Арлея казалась крошечной и почти игрушечной, по сравнению с Альторой. Агата не понимала, как не замечала раньше того, насколько здесь узкие улочки, а дома почти не превышают двух этажей. Над городом возвышался дворец Дуаре, выстроенный на вершине холма и подобный причудливой шляпке одной из модниц.
Покачиваясь в седле, Агата смотрела, задрав голову, на его тонкие башни и высокие окна. Где-то там за одним из витражных стекол находилась теперь Лидия. Ее объявили безумной и княгиня потребовала, чтобы ее вернули домой.
Бедная Лидия оказалась всего лишь сосудом для воли и желаний других людей. Ее было искренне жаль.
Выйдя за городские ворота, Агата, как и обещала, сняла с Фифи шторки и наклювник и пустила ее галопом прямиком по полям. Тишину осеннего утра не прерывали ни песни птиц, ни кваканье лягушек — одни улетели переживать зимние холода в теплые Южные княжества, другие готовились погрузиться в сон.
Травы пожелтели, цветы давно увяли, деревья сбросили в листву. Природа засыпала до весны, и Агате даже было жаль, что она не может забраться в берлогу и проспать крепким сном до окончания холодов.
Фифи неслась галопом, громогласно клокоча. На пути им встретилось стадо грузовых ферналей, которых птичники вывели в поле, не забыв одеть в теплые попоны. Завидев Агату, они принялись махать ей шляпами и она помахала им в ответ.
Ее грудь затопило радостным щемящим чувством. Все было точно таким же, как она запомнила, но в то же время другим. Быть может, изменилась она сама, и от того видела теперь все по другому?
Вскоре впереди показалось поместье, и Агата сбавила ход. Поднявшееся солнце целовало светлые каменные стены, заросшие ветвями увядшего дикого винограда. Над черепичными крышами возвышалась старая сторожевая башня, в которой была ее опочивальня. Интересно, в ней все было, как раньше, или мачеха приказала слугам убрать вещи Агаты, снять со стен портреты дракона-императора и запереть комнату?
Из птичника им на встречу выбежал молодой рабочий с густой бородой.

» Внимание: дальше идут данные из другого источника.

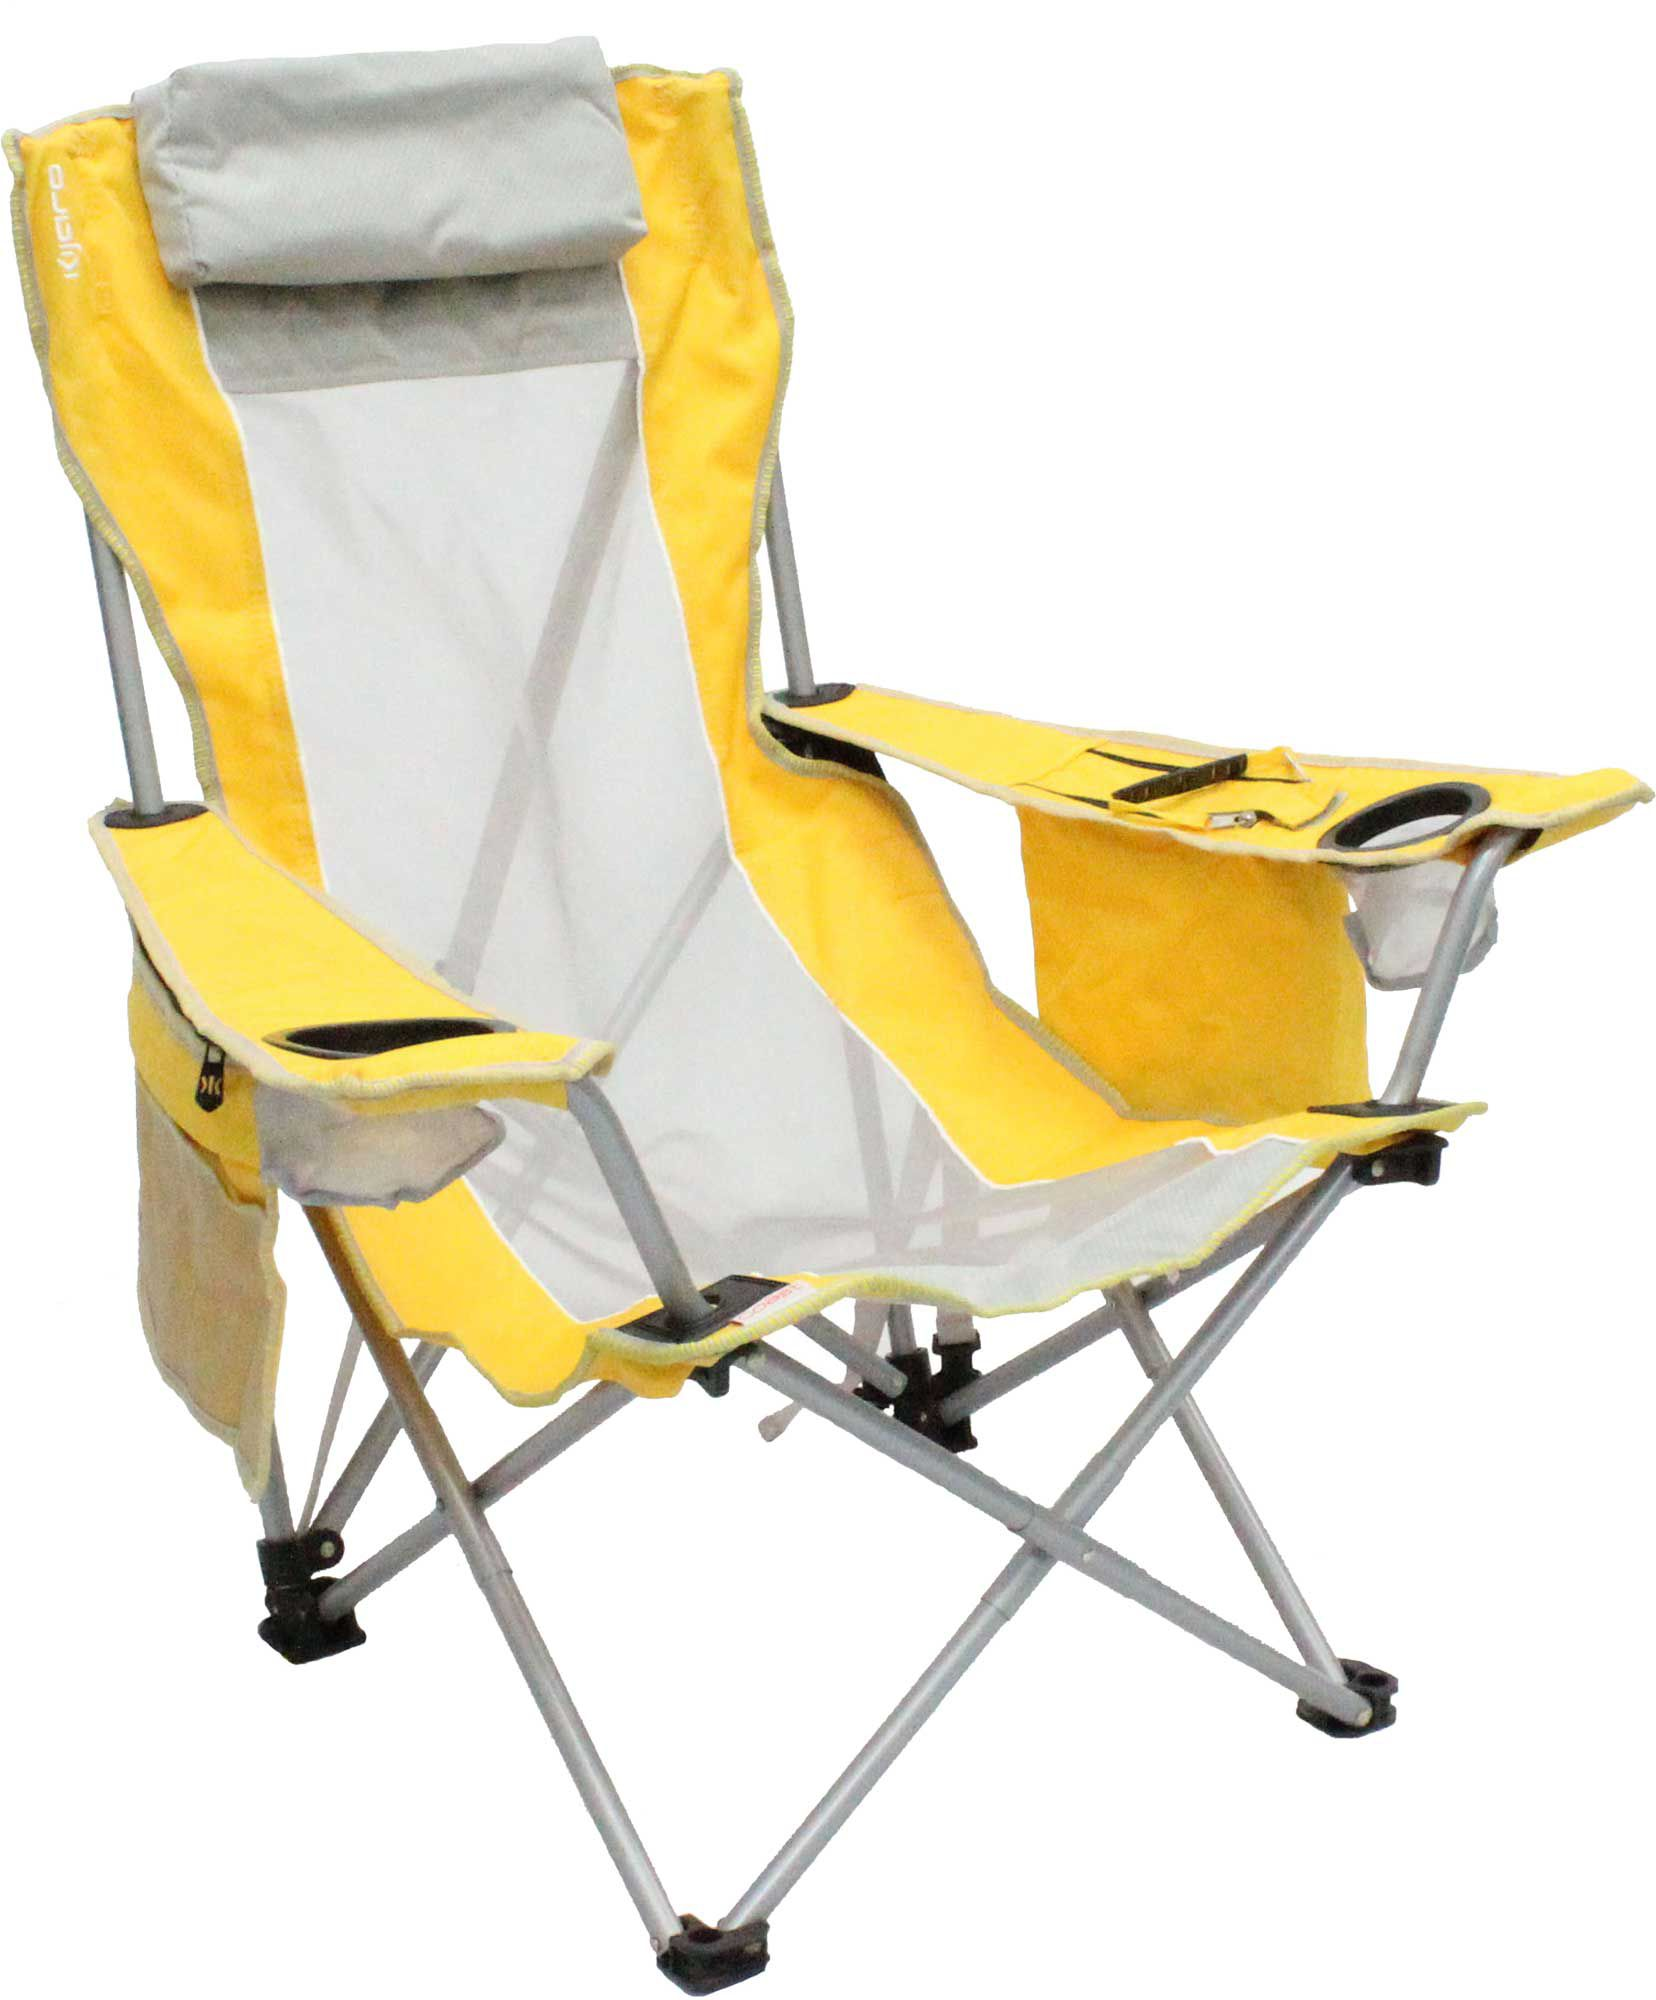 Merveilleux Kijaro Beach Sling Chair

— А вот и наша красавица вернулась! — воскликнул он, завидев Фифи, и та закурлыкала в ответ. — Давай-ка пойдем в стойло, и я наложу тебе самых жирных крыс!
Поклонившись, он принял у Агаты поводья.
С замирающим сердцем, она поправила юбку и сбившийся плащ, прежде чем подняться на ступени террасы.

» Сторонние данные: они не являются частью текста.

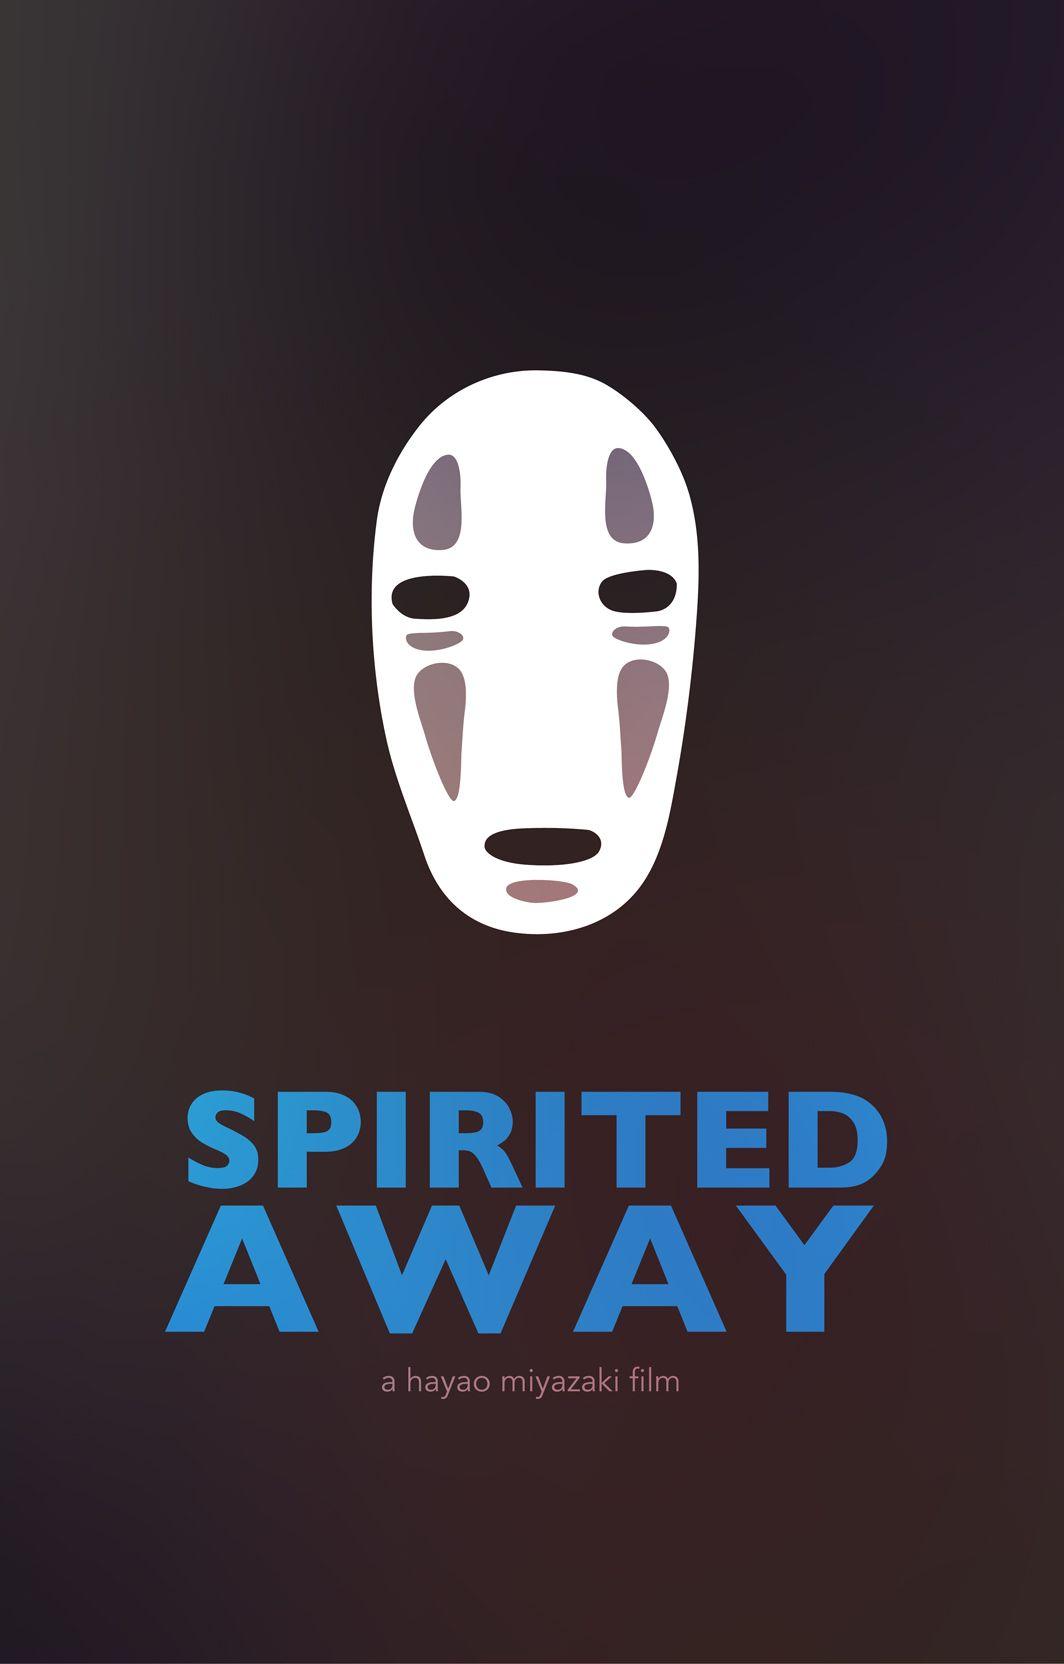 Spirited Away Minimalist Movie Poster | Graphic ...

На скамье возле дверей, как всегда, словно и не покидая своего места даже на время сна, сидел старый барон. Увидев ее, он лишь сильнее выпучил и без того большие, выцветшие от старости глаза.
— Надеюсь, вы в добром здравии, ваша светлость, — дрогнувшим голосом сказала Агата, а затем, все же не выдержав, бросилась ему на шею и прерывисто обняла.
В нос ударило терпким табаком и травяным чаем.
— Девчонка, — недовольно пробухтел барон, а Агата шмыгнув носом едва не заплакала.
Он казался ей таким ветхим, что покидая надолго дом, она боялась, вернувшись, не застать его в живых. Другого дедушки у нее не было — только такой. И надо сказать, к Веронике он относился точно также, как и к ней, не делая из родной внучки любимицу.
— Знаете, я играла в стихийномахию с его величеством, и даже победила, — сказала Агата, отстраняясь и отходя назад. — А еще игры были на турнире во время испытаний. Я хотела сказать спасибо за то, что вы научили меня играть. Без этого, я бы ни за, что не справилась.
— Победила, говоришь? — по тонким губам старого барона скользнула едва заметная улыбка. — Расскажешь потом, как проходила партия.
Потянув на себя тяжелые двери, Агата вошла в холл. Сквозь витражные окна внутрь падал теплый свет, танцевавший бликами на дубовых панелях на стенах, отполированных почти до зеркальной чистоты. С портретов, висевших над лестницей, на нее, как прежде, взирали голубоглазые бароны и баронессы, прекрасные и утонченные словно фарфоровые куклы. Агата нашла взглядом старый семейный портрет, на котором была и она сама и отец, с мачехой и Вероникой, а вот Титуса на нем еще не было. Наверно, позже родители закажут новый портрет, и на нем уже не будет Агаты и ее сводной сестры, они обе к тому времени окончательно покинут поместье.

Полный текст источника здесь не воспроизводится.